This case started in the English courts, which had given some
support to the idea that fixture lists may be protectable by
copyright. In May 2010 the High Court found that English and
Scottish football fixture lists were not protectable under database
right law, following the Fixtures Marketing case, C-46/02, as there
had not been substantial investment in obtaining, verifying or
presenting content (as contrasted with creating data). However, it
decided that such lists could be protected by copyright under
Article 3 of the Database Directive 96/9/EC which applies to
databases as copyright works in themselves, if such databases,
"by reason of the selection or arrangement of their
contents, constitute the author's own intellectual
creation".
The fixture lists were compiled according to various rules, which
required substantial and complex work, some automated and some
manual, and considerable judgement and skill. The High Court
ordered that they did qualify as copyright works and this finding
was consistent with older English law on the protection of football
fixture lists as literary works (Football League Ltd -v-
Littlewood Pools, 1959).
On appeal, the Court of Appeal considered that the copyright
position was unclear, so referred the following questions to the
CJEU:
1. In Article 3(1) of Directive 96/9... what is meant by
"databases which, by reason of the selection or arrangement of
their contents, constitute the author's own intellectual
creation" and in particular:
- Should the intellectual effort and skill of creating data be excluded?
- Does "selection or arrangement" include adding important significance to a pre-existing item of data (as in fixing the date of a football match)?
- Does "author's own intellectual creation" require more than significant labour and skill from the author, and if so what?
On these issues the Court of Appeal saw force in the arguments of both sides. The claimants argued that the data consisted of matches to be played, which had to be (skillfully) arranged. The defendants argued that Article 3 referred to selecting or arranging pre-existing data and that the intellectual input here was in creating data.
2. Does the Directive preclude national rights in the nature of copyright in databases other than those provided for by the Directive?

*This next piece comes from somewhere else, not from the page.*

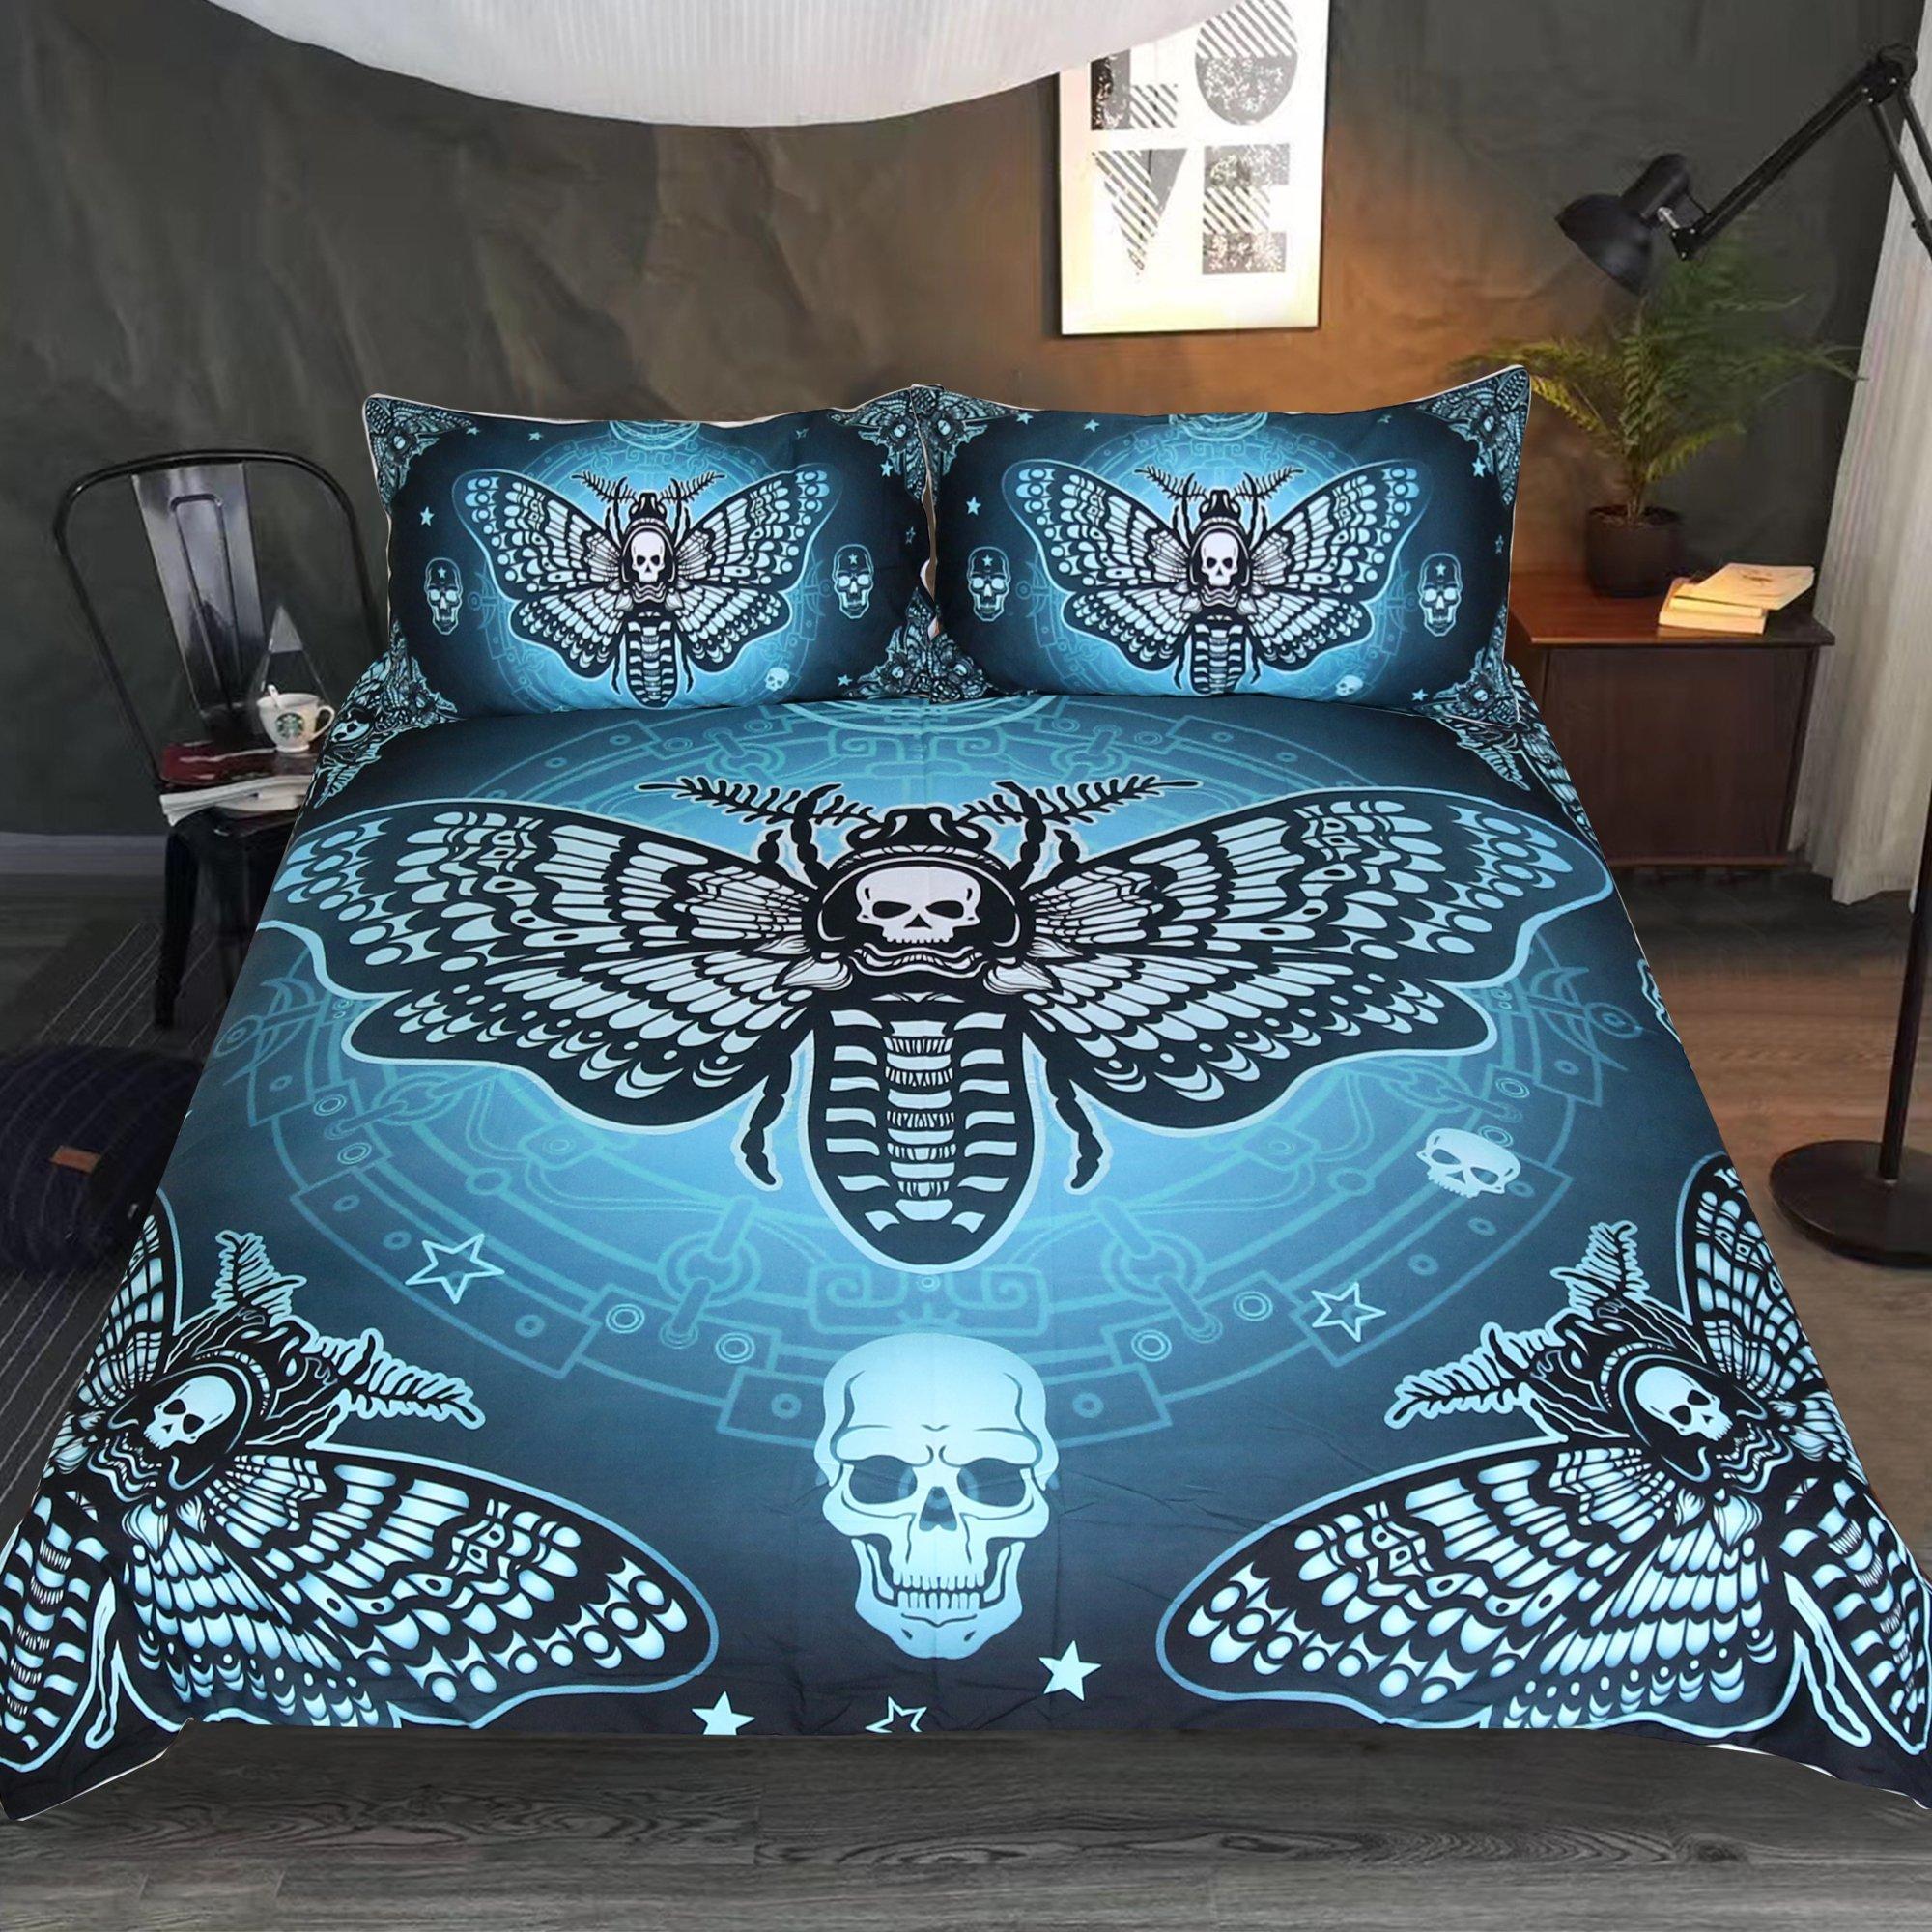 Sleepwish Skull Moth Bedding 3 Piece Dead Moth with Stars Butterfly Skull Duvet Cover Blackish Green Gothic Halloween Bed Set (King)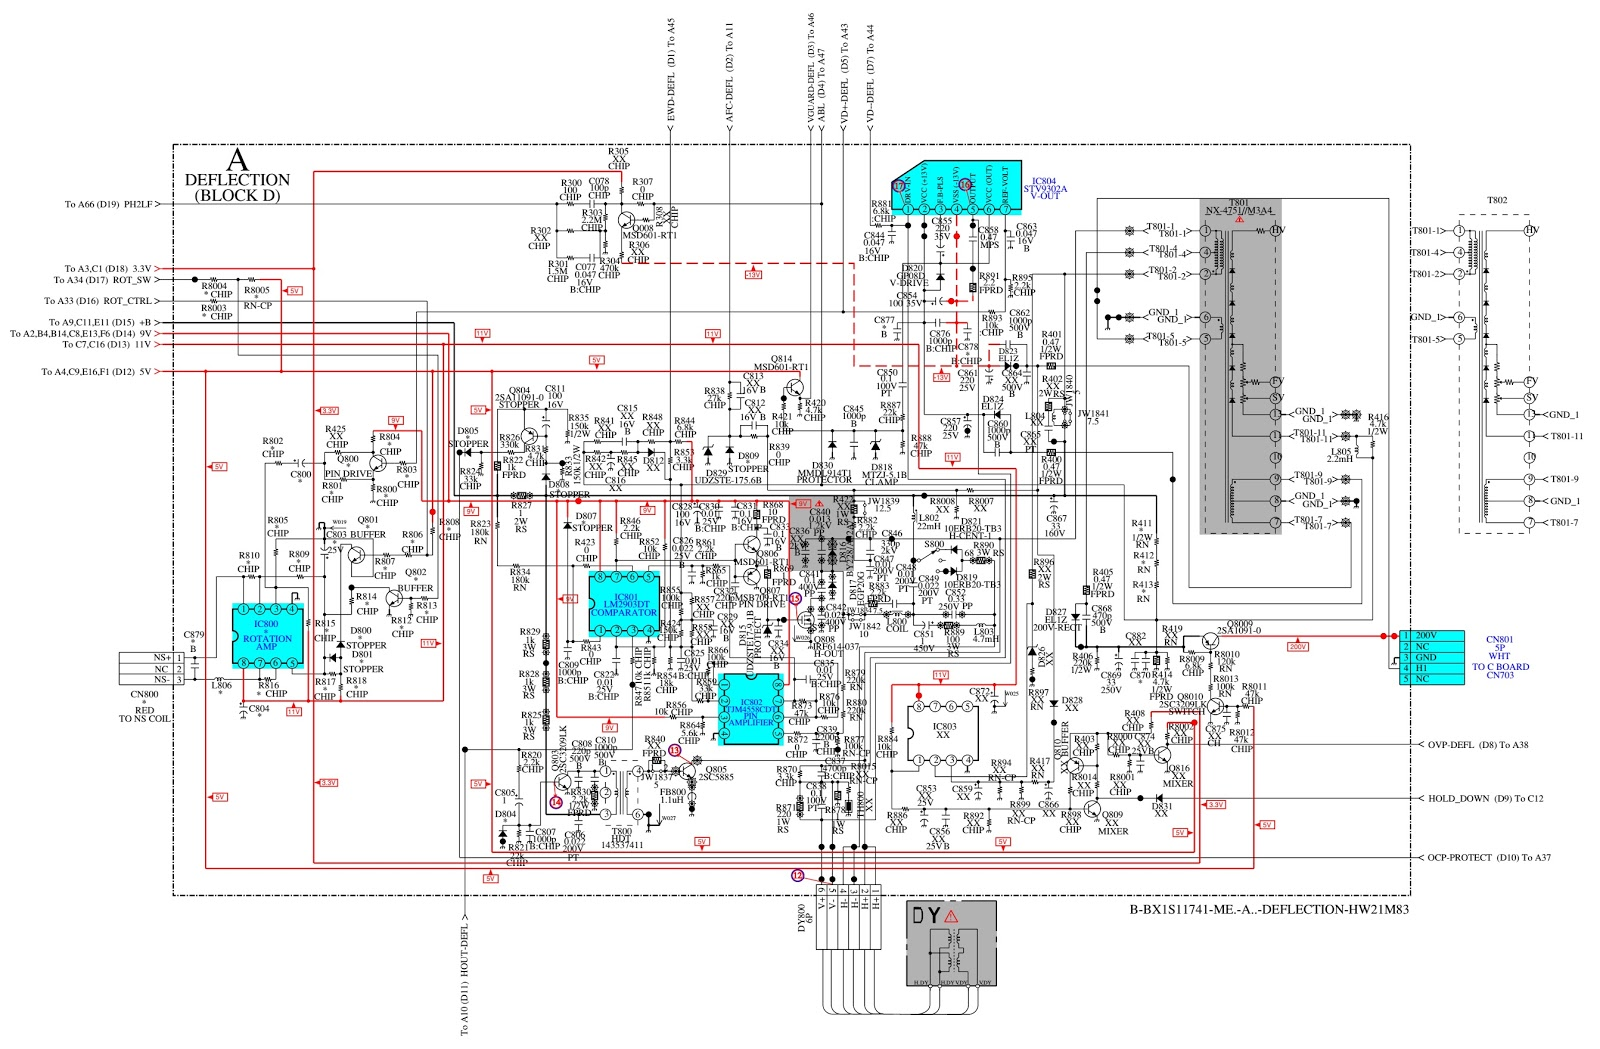 Tv Tuner Card Circuit Diagram Smart Car Alternator Wiring Kv Hw21m50  Sony Trinitron Crt

On this question the Court of Appeal doubted that the Database
Directive intended to preserve national laws as to subsistence of
copyright in databases, as this would have defeated the point of
harmonisation. However, there was sufficient uncertainty to justify
a referral.
CJEU Judgment
The Court, partly following the Advocate General's reasoning, found against the claimants. It decided as follows:
- "copyright and database right are two independent rights whose object and conditions of applications differ;
- the copyright protection provided by the Database Directive concerns structure and not contents, so the protection does not extend to the data itself; "selection" and "arrangement" relate to structure and not to data creation;
- the purpose of Directive is consistent with this, as the recitals confirm that the purpose is to stimulate creation of data storage and processing systems to contribute to the development of an information generating market; the purpose is not to protect creation of materials capable of being collected in a database;
- therefore the intellectual effort and skill needed to create the data is not relevant to copyright under the Directive, unless it expresses originality in the selection or arrangement of data;
- it is irrelevant whether or not selection or arrangement of that data includes the addition of important significance to that data (the Advocate General had mooted this as a possible way of qualifying for database protection);
- "intellectual creation" under the Directive refers only to originality (reference was made to the CJEU case of Infopaq, C-5/08);
- the originality criterion is satisfied where through selection or arrangement of data, the author expresses his creative ability in an original manner by making free choices and "stamps his personal touch"; it is not satisfied where setting up of the database is dictated by technical considerations, rules or constraints which leave no room for creative freedom;
- the national court must assess – but unless the procedures for creating lists, as described by the English court, are supplemented by elements reflecting originality in selection or arrangement of data contained in the lists, there cannot be copyright protection;
- the Directive has completely harmonised the level of protection accorded to databases, and subject to limited transitional provisions, it precludes national legislation which offers a different measure of copyright protection.
Comment
The English High Court, having been particularly influenced by
the amount of time and skill involved in creating complex fixture
lists, had tried to find a way to circumvent the CJEU's
previous decisions concerning database rights which were unhelpful
to rights owners. However, the copyright argument has largely
failed and it is difficult to see how the case can be found in the
claimants' favour once it returns to the Court of Appeal.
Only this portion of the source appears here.